Built for researchers who use AI assistance to write analysis code and need to demonstrate to editors, reviewers, and co-authors that the results are real and reproducible.

Try it in your browser: a live demo runs the verification on the mtcars example and lets you watch the cross-tool check catch a bug. Its source is in demo/.

What it checks

Phase What happens
1. Data intake Shape, dtypes, missing-value counts, descriptives, and category frequencies of the data as loaded, so you can confirm it matches your raw file.
2. Transformations If your analysis declares a prepare() step, a before/after snapshot plus range and integrity checks.
3. Consistency + spot-checks Every reported statistic is checked to be the kind of number it claims to be (R² in [0, 1], a p-value in [0, 1], a loading in [-1, 1], residuals summing to ~0, a coefficient of the expected sign), and selected values are recomputed directly from the raw data.
4. Reproducibility The analysis is re-run and every statistic must come back identical (deterministic), or identical once a seed is fixed (stochastic).
5. Cross-tool triangulation Your results are compared, statistic by statistic, against an independent R implementation. This is the step that catches results which are artifacts of one tool's defaults.
6. Report A compiled verification log, a comparison table, a machine-readable JSON, and a methodology-statement paragraph.

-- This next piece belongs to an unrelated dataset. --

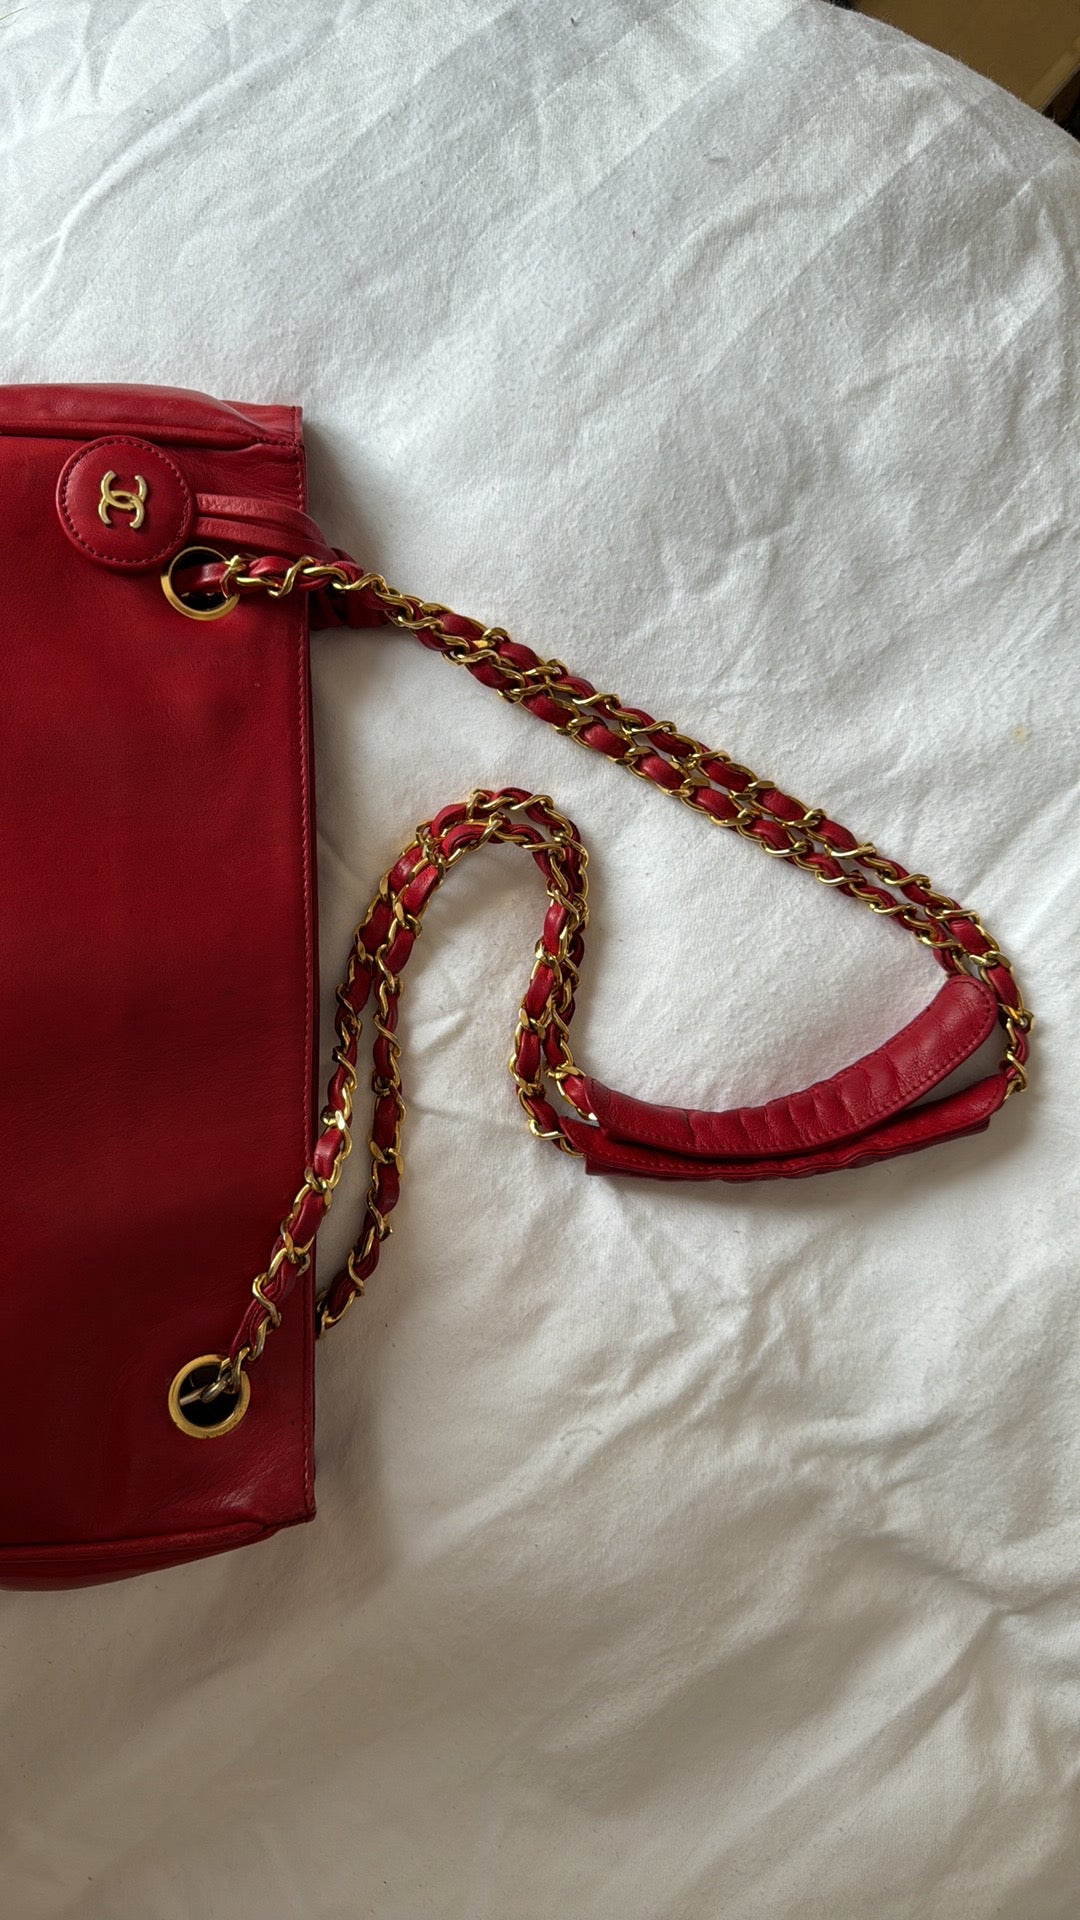 Vintage Chanel Symbol Tote Red Lambskin 💯 Authentic

For a step-by-step description of each phase, as a brief overview and in technical detail, see docs/PROTOCOL.md.

Confidentiality

crossverify runs entirely on your machine. It makes no network calls, contacts no AI/LLM service, and sends no telemetry. Your data and results never leave your computer. Generated outputs and a projects/ directory for your real studies are git-ignored, so nothing sensitive is committed even though this repository is public.

Trust boundary

A project file is executable code, not just configuration: the harness imports and runs the Python module and Rscript-executes the R script it names, and pandas/R parse the dataset you point it at. Run only project bundles and datasets you trust — running someone else's bundle is equivalent to running their program. As a guardrail, the data, python.module, and r.script paths must resolve inside the project folder; a path that escapes it (an absolute path or ..) is reported and the run aborts before any code executes. Set allow_external_paths: true in the project file if you deliberately keep data or scripts elsewhere. The user-supplied R script also receives only a minimal environment (no inherited tokens or credentials).

Install

pip install -r requirements.txt    # PyYAML + pandas (statsmodels for the example)

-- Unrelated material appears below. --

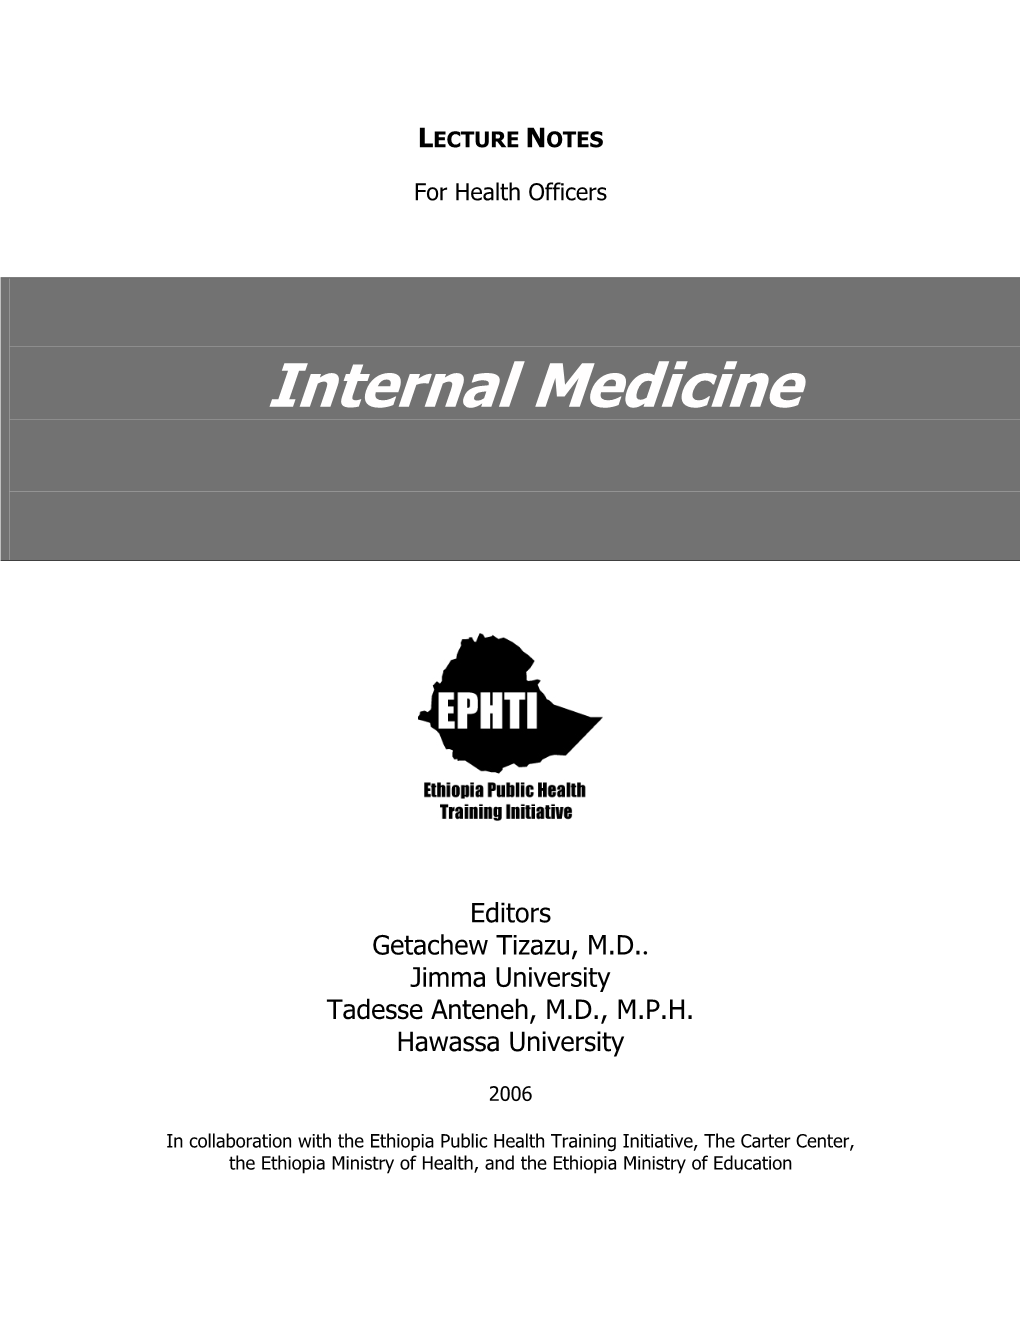 Lecture Notes on Internal Medicine

The cross-tool phase additionally needs R on your PATH with the jsonlite package (install.packages("jsonlite")). Everything else runs without R; use --skip-r to skip Phase 5.

Quickstart

Run the worked example — an OLS regression (mpg ~ wt + hp) implemented in both Python and R on the public-domain mtcars dataset:

python -m crossverify --project examples/project.yaml
crossverify 0.1.0 — OLS regression: mpg ~ wt + hp (mtcars)
  Phase 1 intake           3 info
  Phase 2 transforms       1 info
  Phase 3 consistency      8 pass
  Phase 4 reproducibility  9 pass
  Phase 5 triangulation    9 pass
  Cross-tool: 9/9 statistics matched within tolerance.

Result: PASS (26 passed, 0 failed, 4 informational)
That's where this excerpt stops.